**WORK ORDER**
Please write the listing below out again exactly, leaving every picture behind.

**DATA BLOCK**
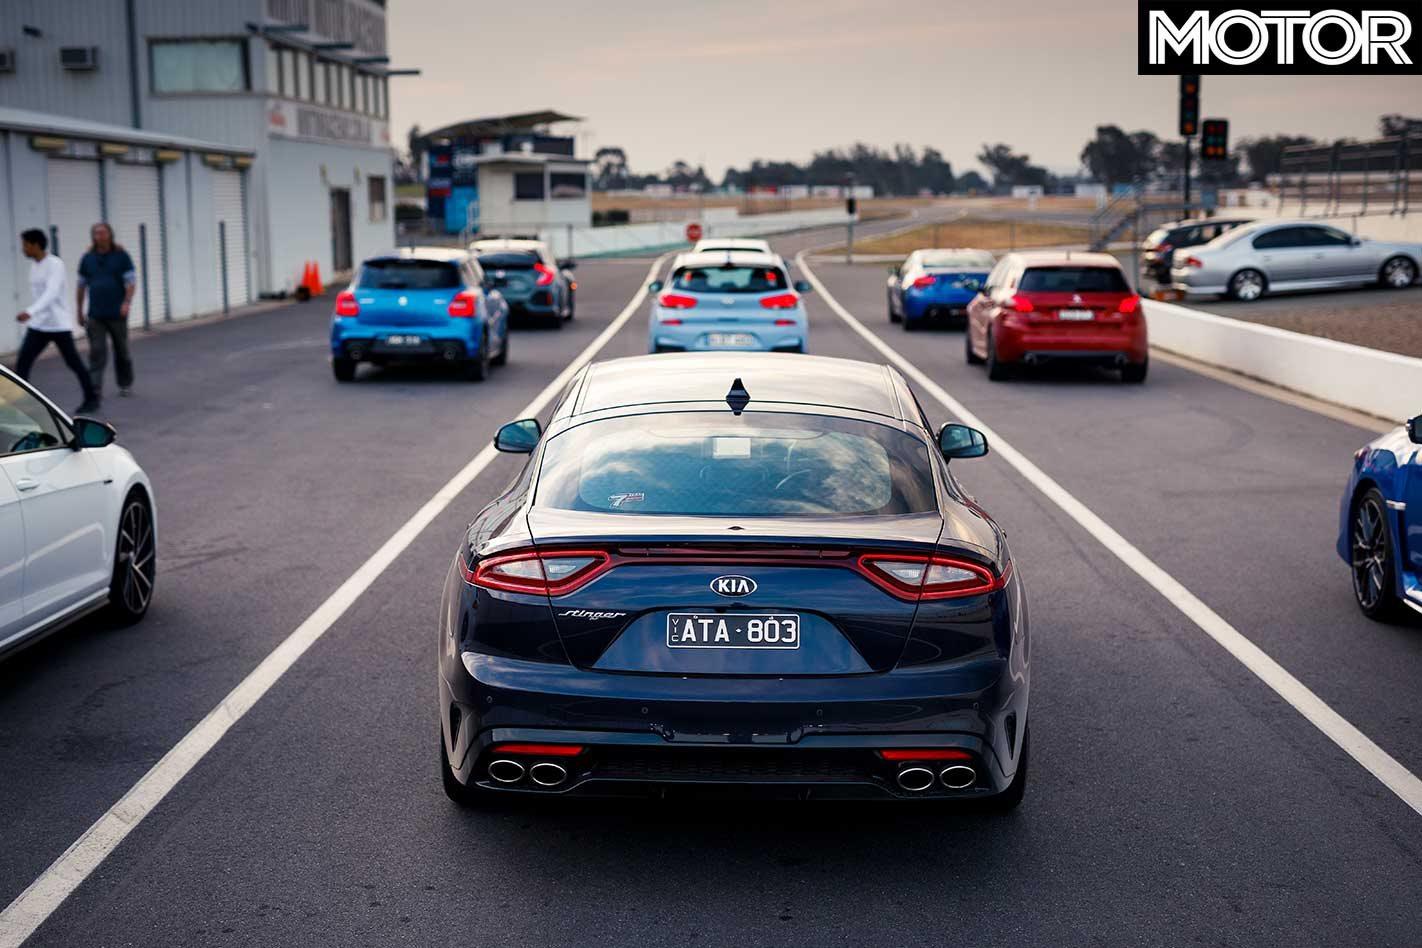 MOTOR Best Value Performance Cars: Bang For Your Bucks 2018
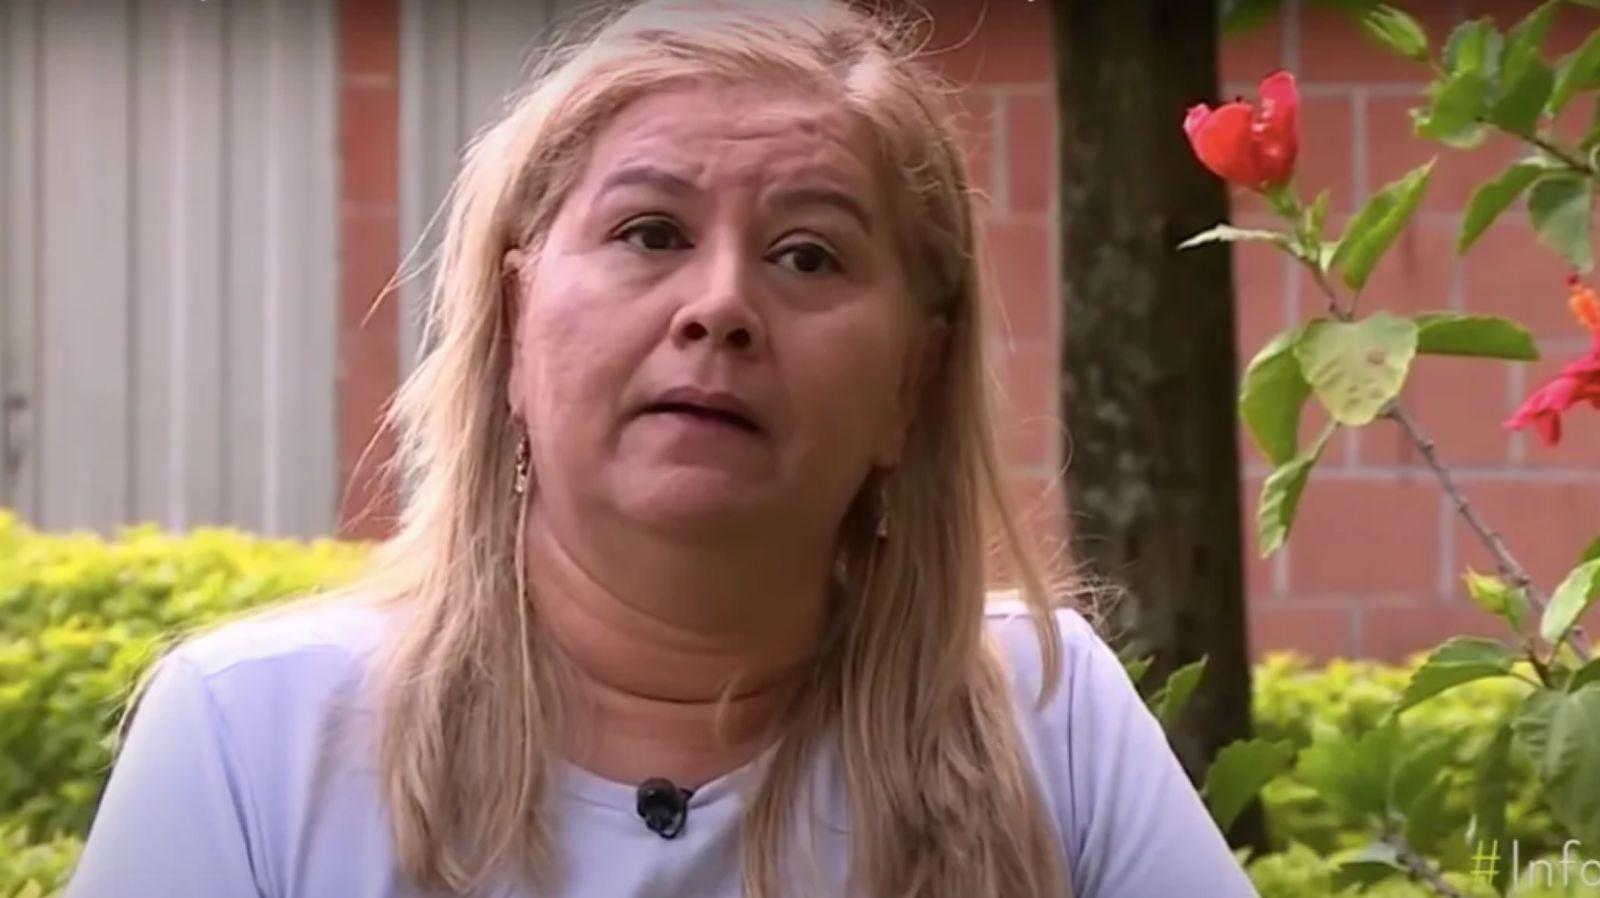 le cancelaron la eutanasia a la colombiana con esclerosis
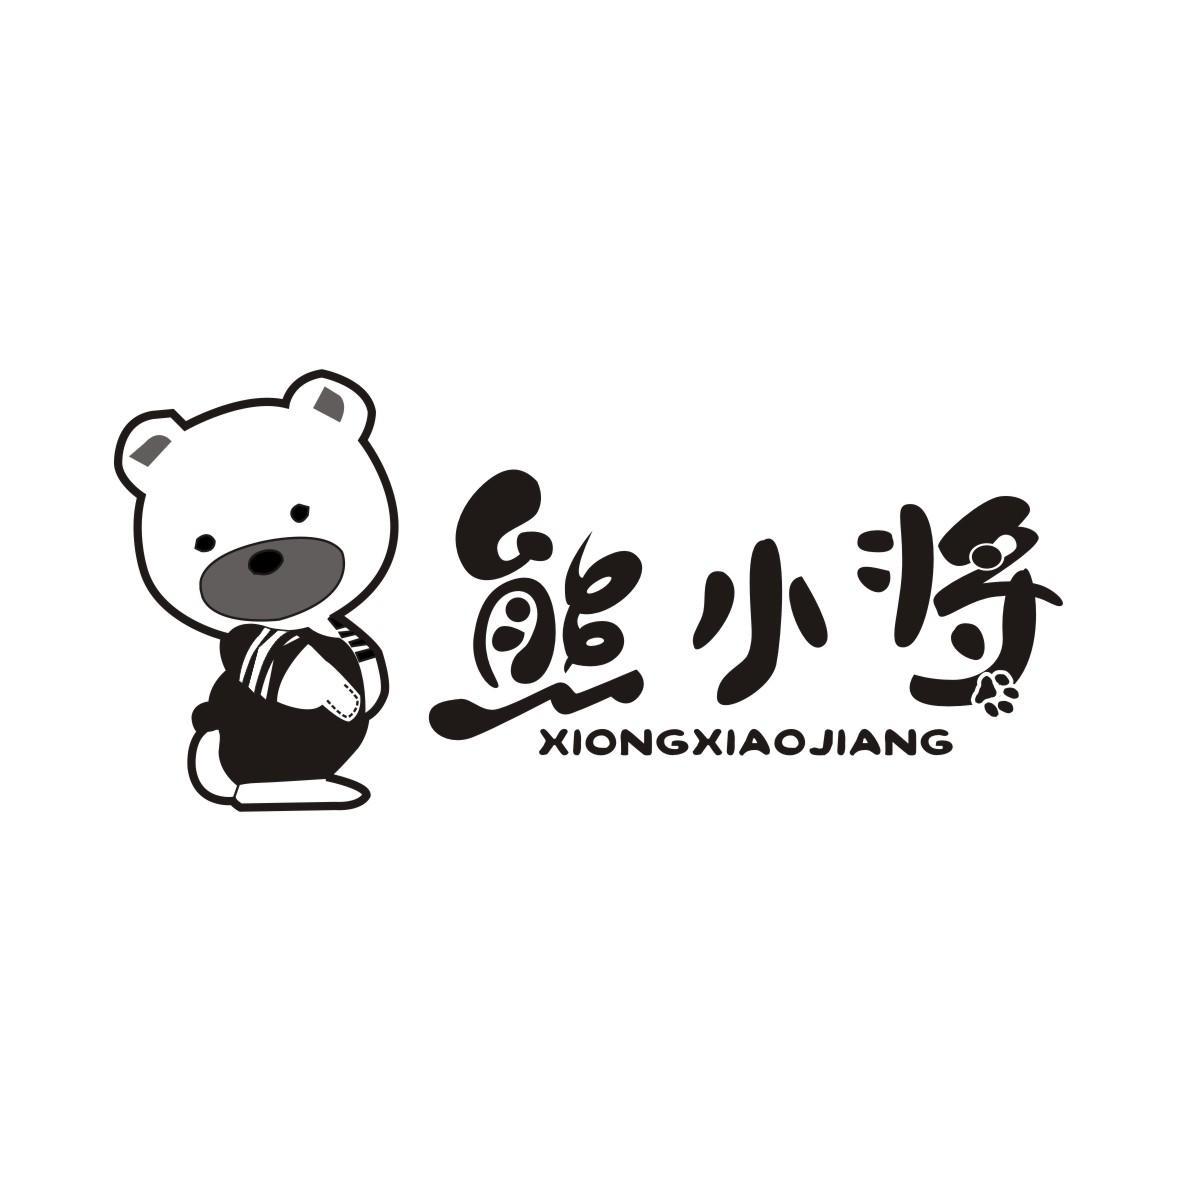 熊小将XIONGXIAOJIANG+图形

**SOLUTION BELOW**
 MOTOR Best Value Performance Cars: Bang For Your Bucks 2018
 le cancelaron la eutanasia a la colombiana con esclerosis
 熊小将XIONGXIAOJIANG+图形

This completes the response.